• Activity
From the first line to the last, transcribe the data exactly and skip the pictures.

• Given information
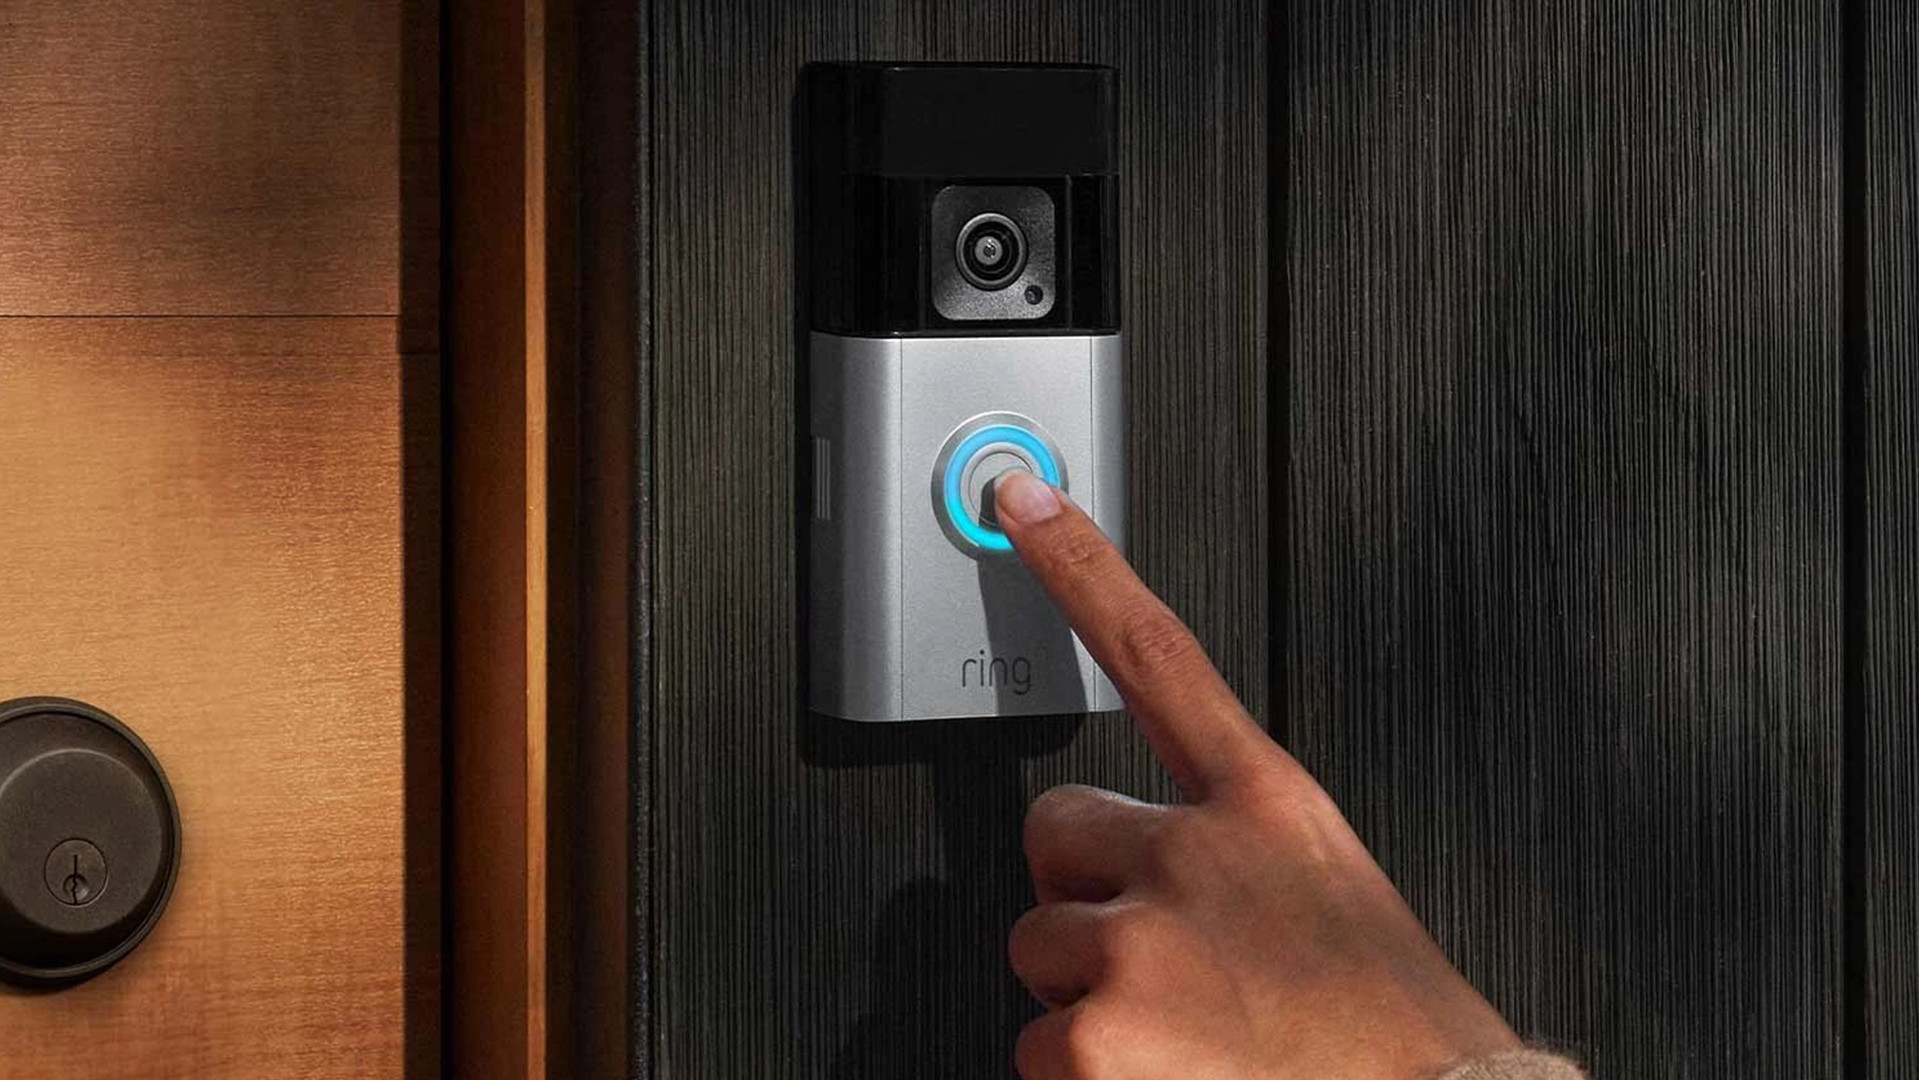 Ring Home Security & Video Doorbell Cameras | Very.co.uk
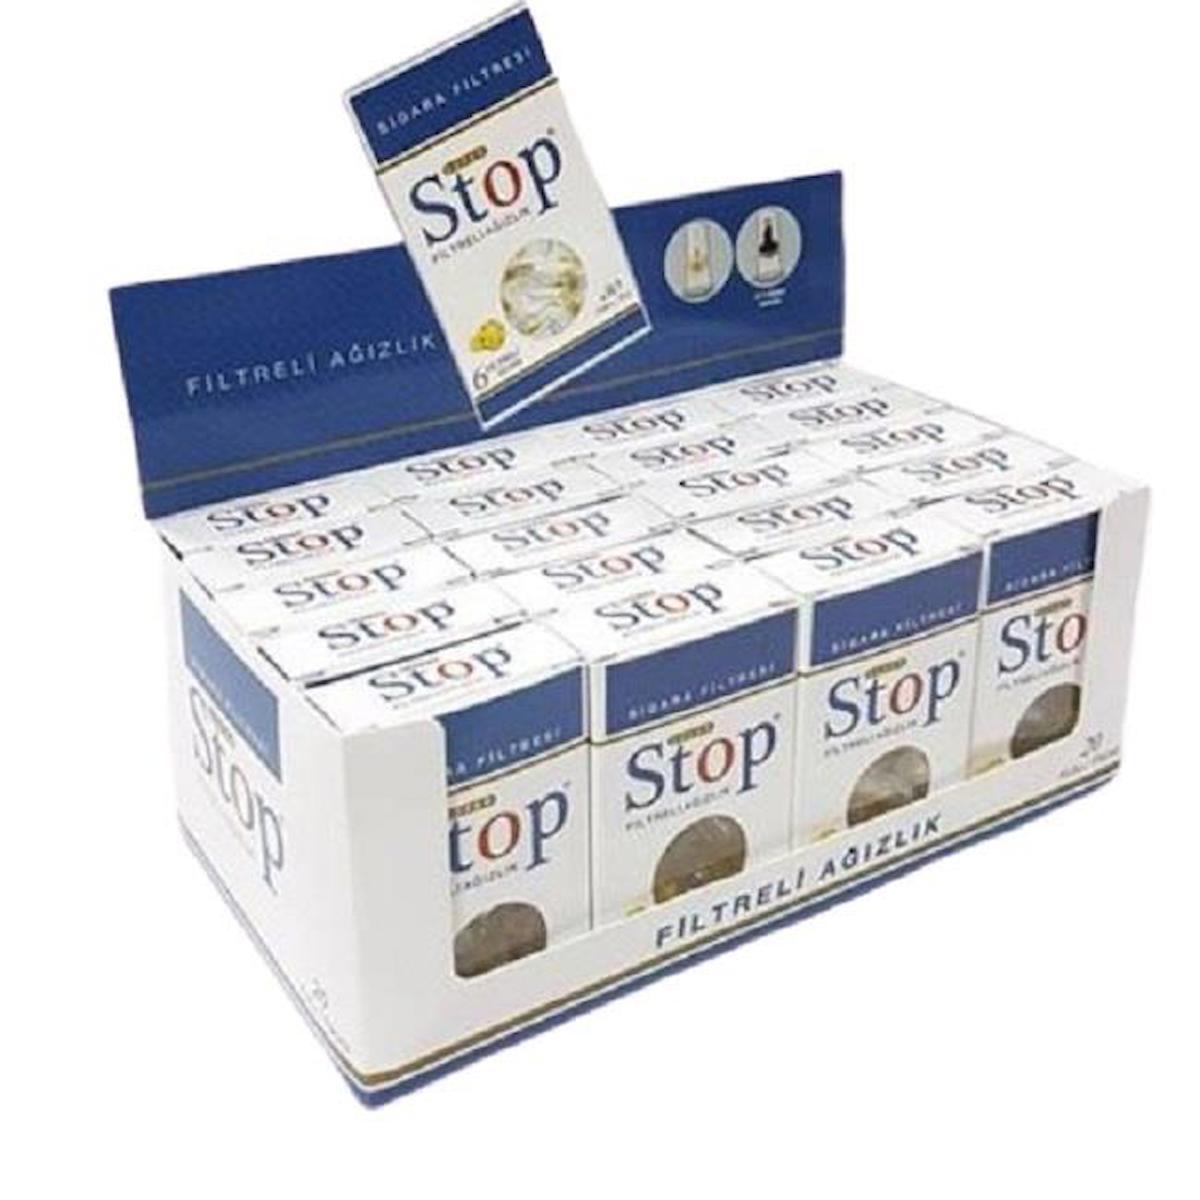 Stop Slim Filtreli Ağızlık İnce Sigara Filtresi 25 li x 24 Paket
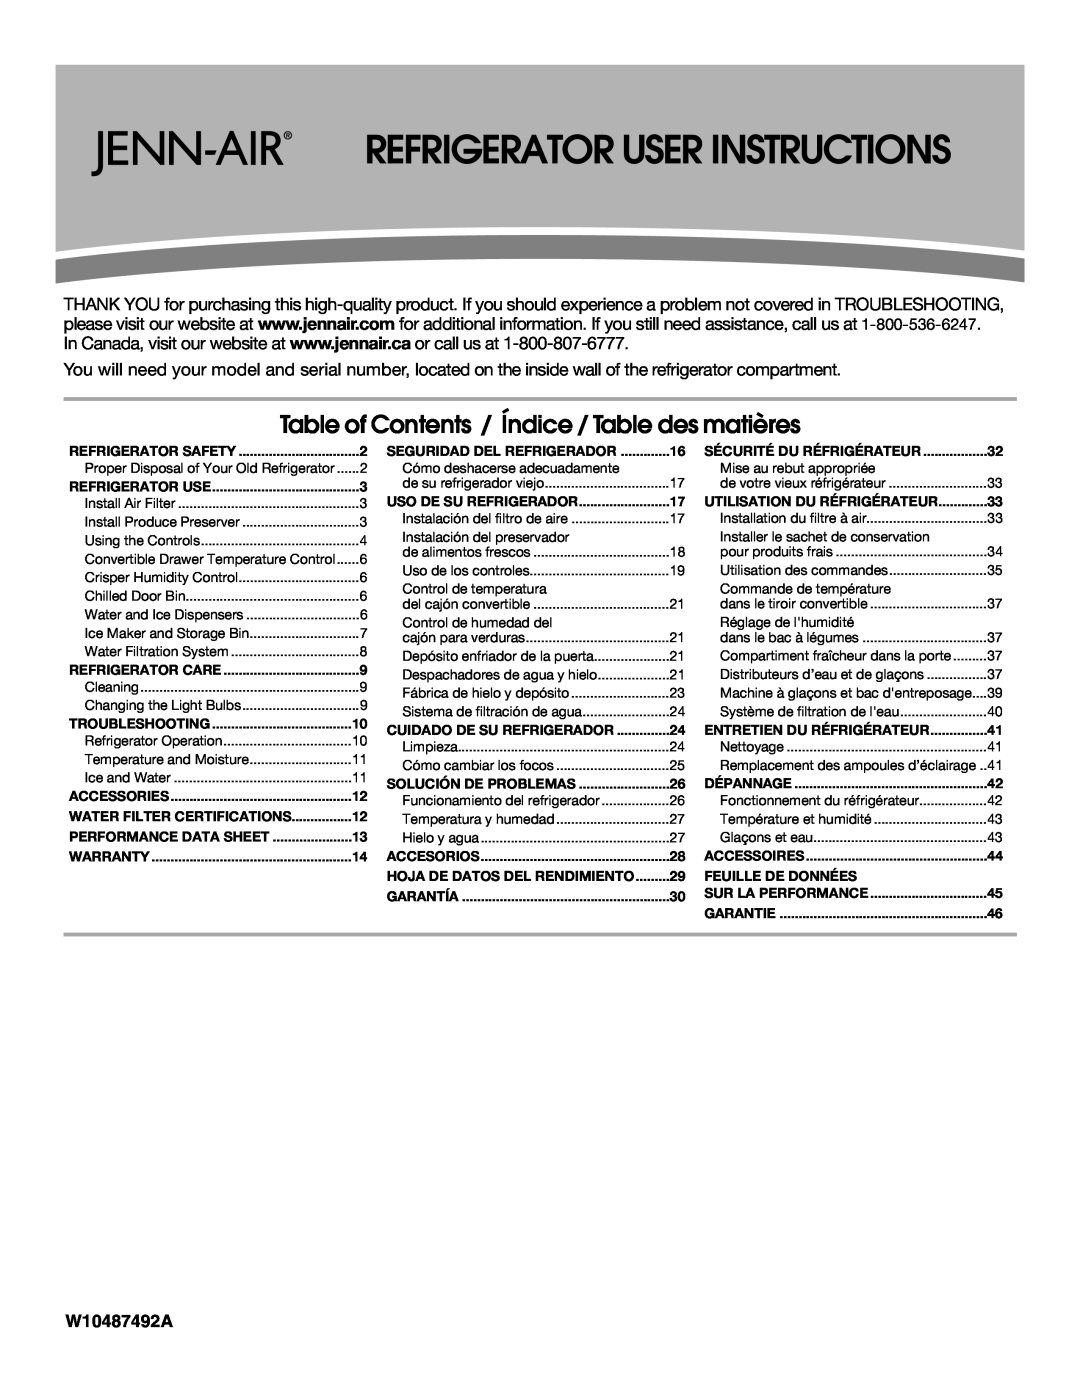 Jenn-Air W10487492A warranty Table of Contents / Índice / Table des matières, Refrigerator User Instructions

• Task output
 Ring Home Security & Video Doorbell Cameras | Very.co.uk
 Stop Slim Filtreli Ağızlık İnce Sigara Filtresi 25 li x 24 Paket
 Jenn-Air W10487492A warranty Table of Contents / Índice / Table des matières, Refrigerator User Instructions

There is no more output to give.